Transcribe all of the records word for word, but omit the pictures.

━━ Dataset entries

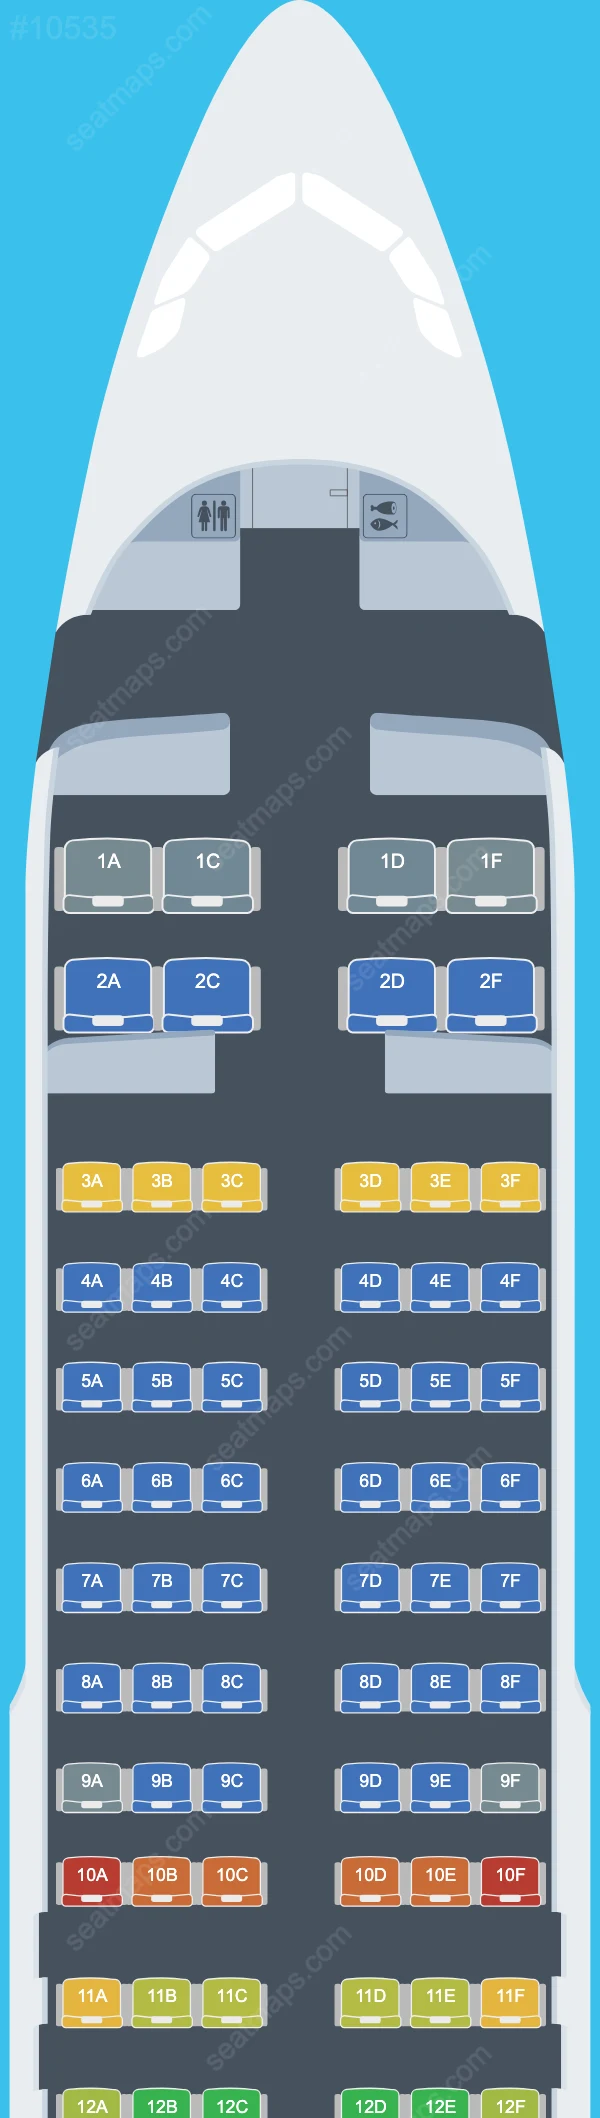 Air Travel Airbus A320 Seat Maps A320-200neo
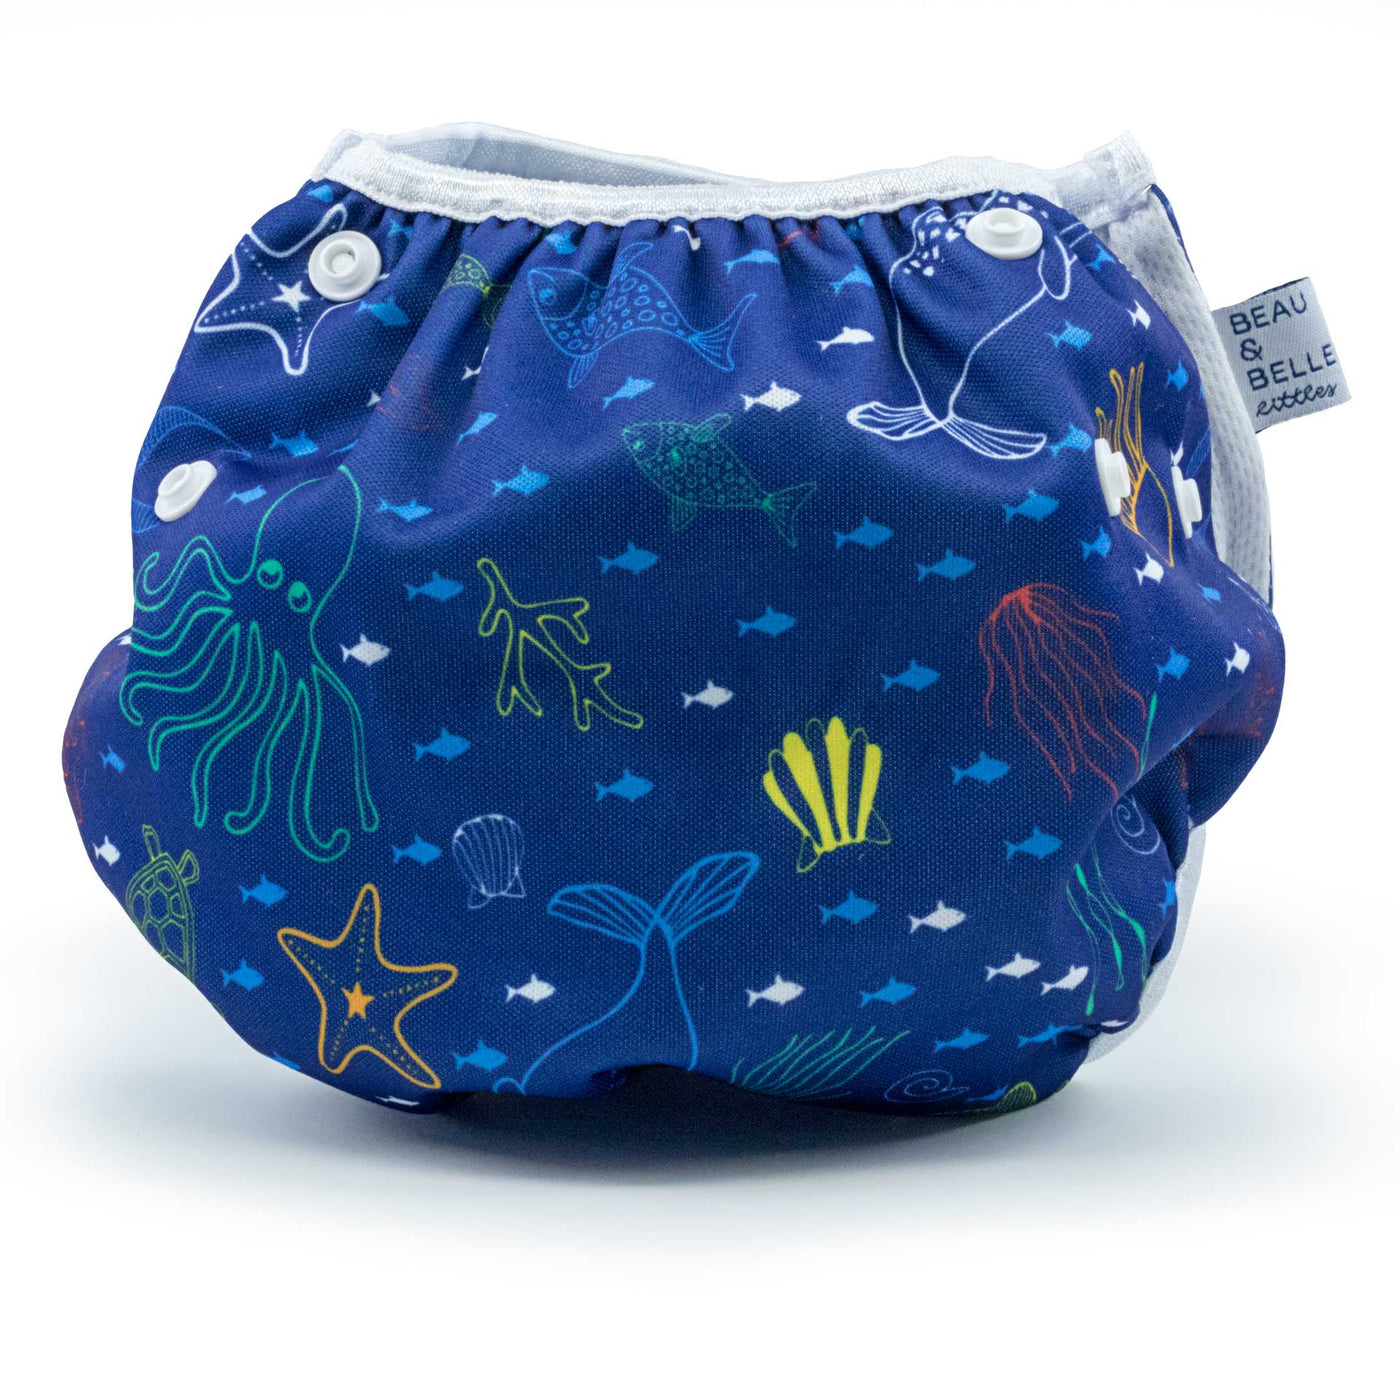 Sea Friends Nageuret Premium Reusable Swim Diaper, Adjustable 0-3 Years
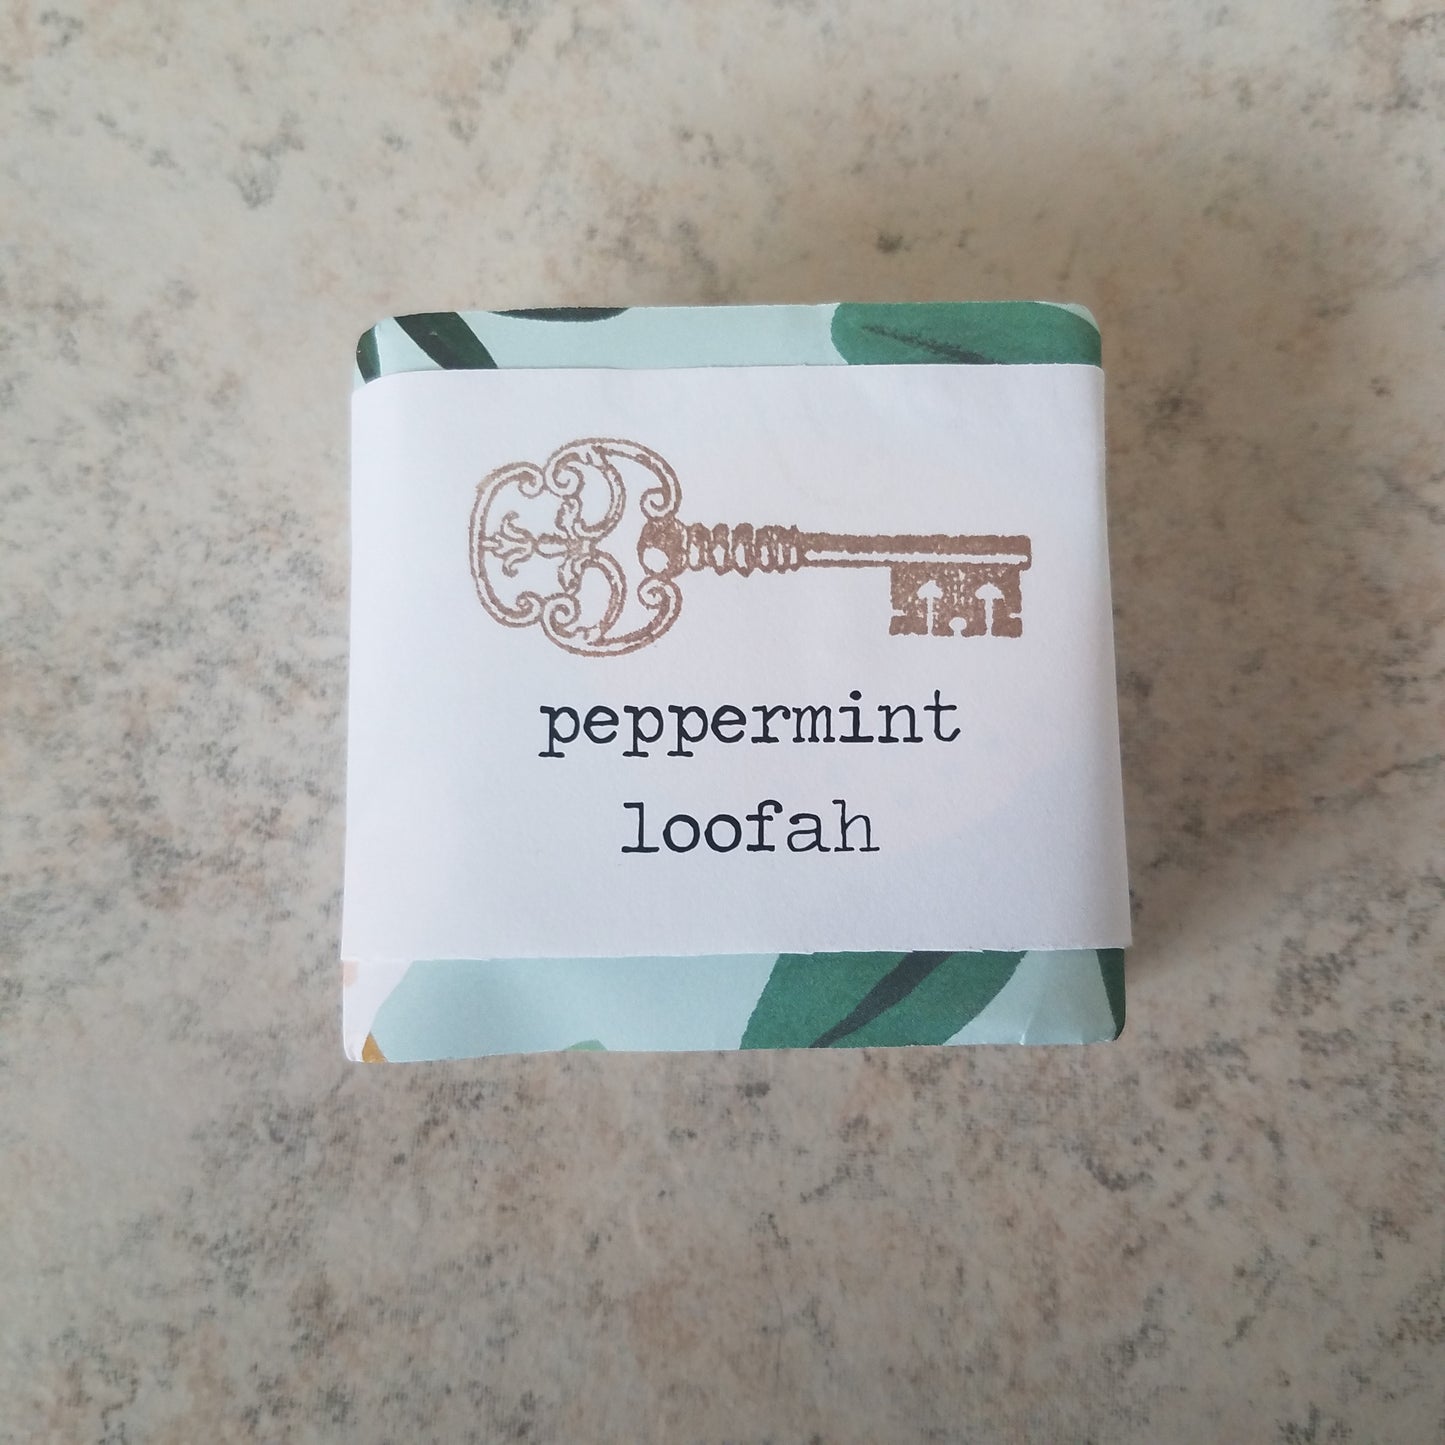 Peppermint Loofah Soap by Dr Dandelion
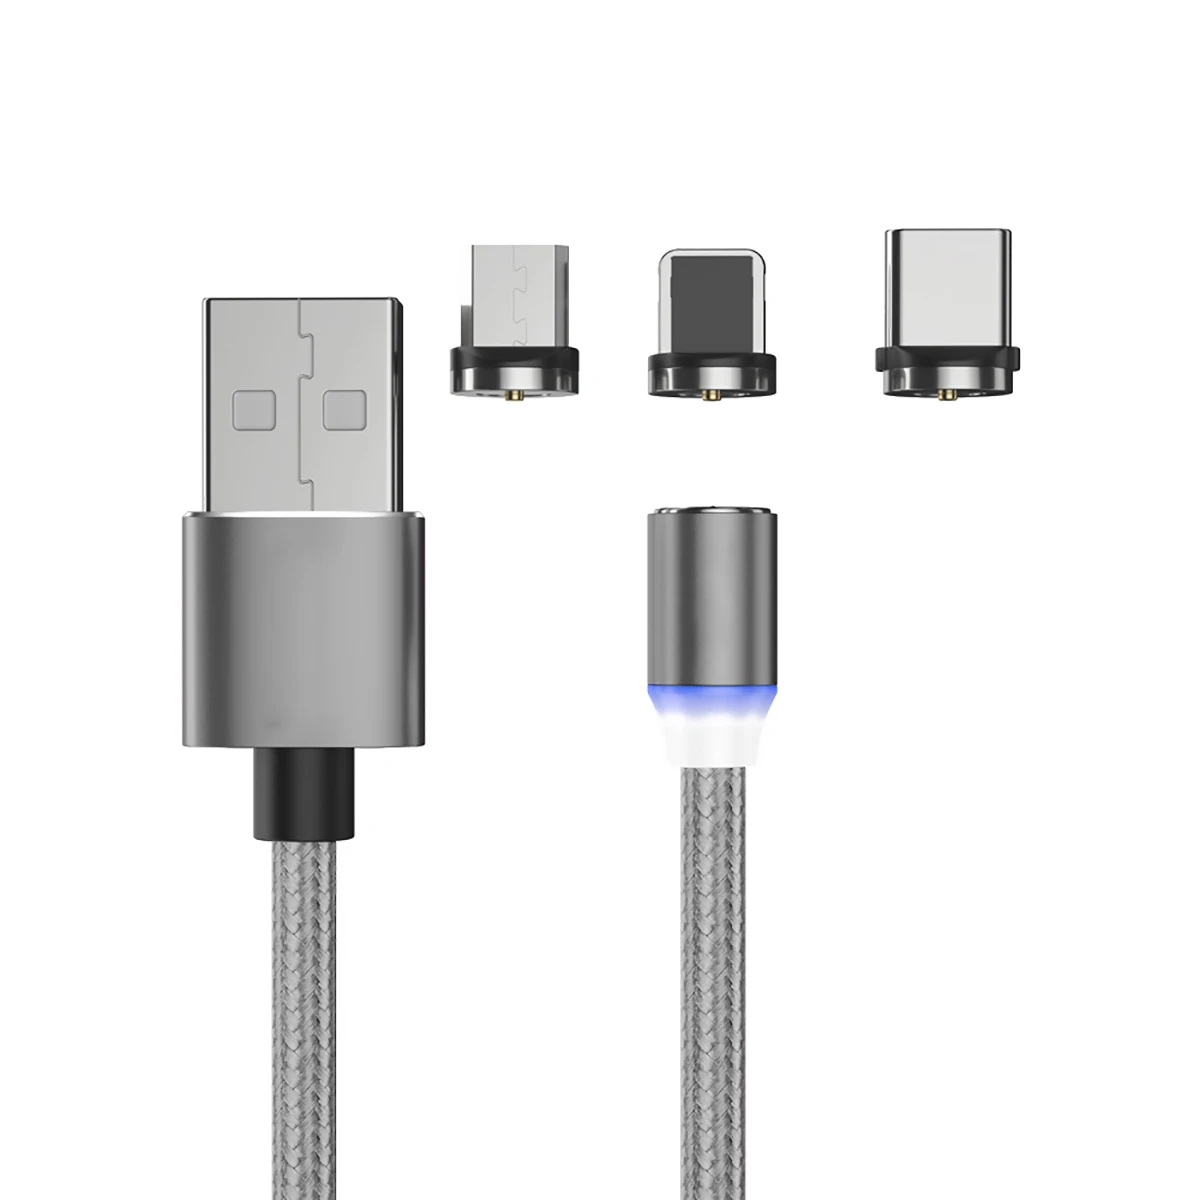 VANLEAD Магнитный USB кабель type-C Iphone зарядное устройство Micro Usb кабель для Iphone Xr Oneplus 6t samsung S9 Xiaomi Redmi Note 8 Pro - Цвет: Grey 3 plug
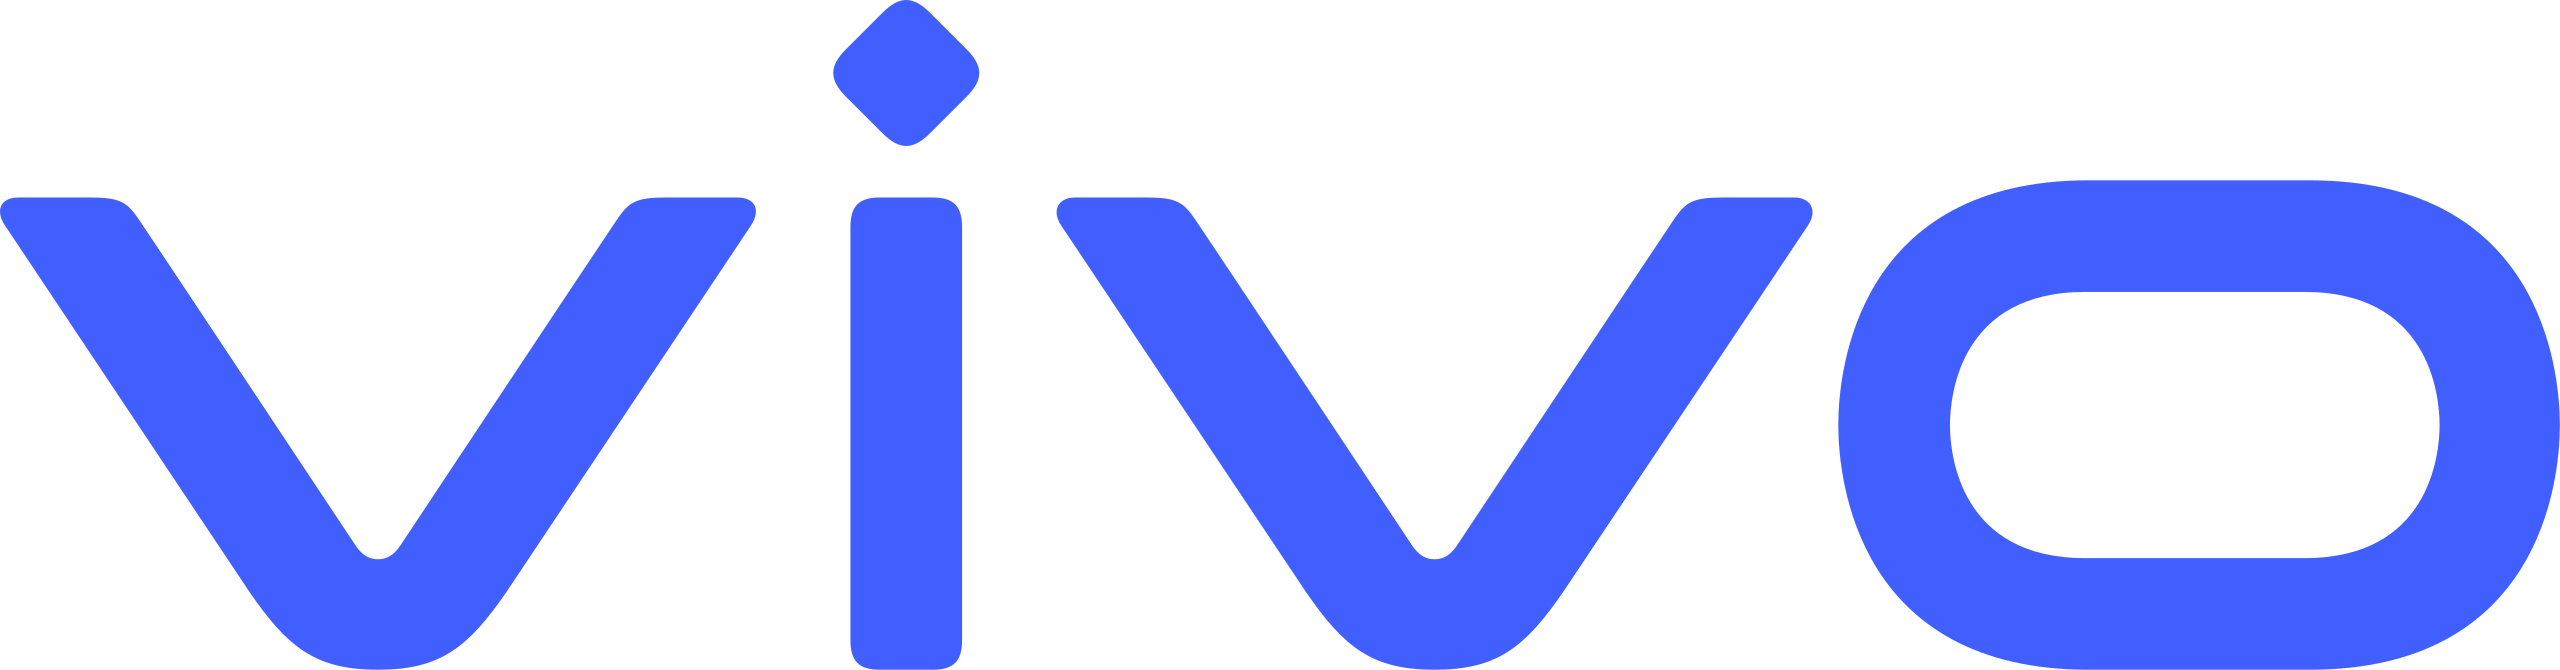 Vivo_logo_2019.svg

━━━━

■ **Exercise solution**
 Air Travel Airbus A320 Seat Maps A320-200neo
 Sea Friends Nageuret Premium Reusable Swim Diaper, Adjustable 0-3 Years
 Peppermint Loofah Soap by Dr Dandelion
 VANLEAD Магнитный USB кабель type-C Iphone зарядное устройство Micro Usb кабель для Iphone Xr Oneplus 6t samsung S9 Xiaomi Redmi Note 8 Pro - Цвет: Grey 3 plug
 Vivo_logo_2019.svg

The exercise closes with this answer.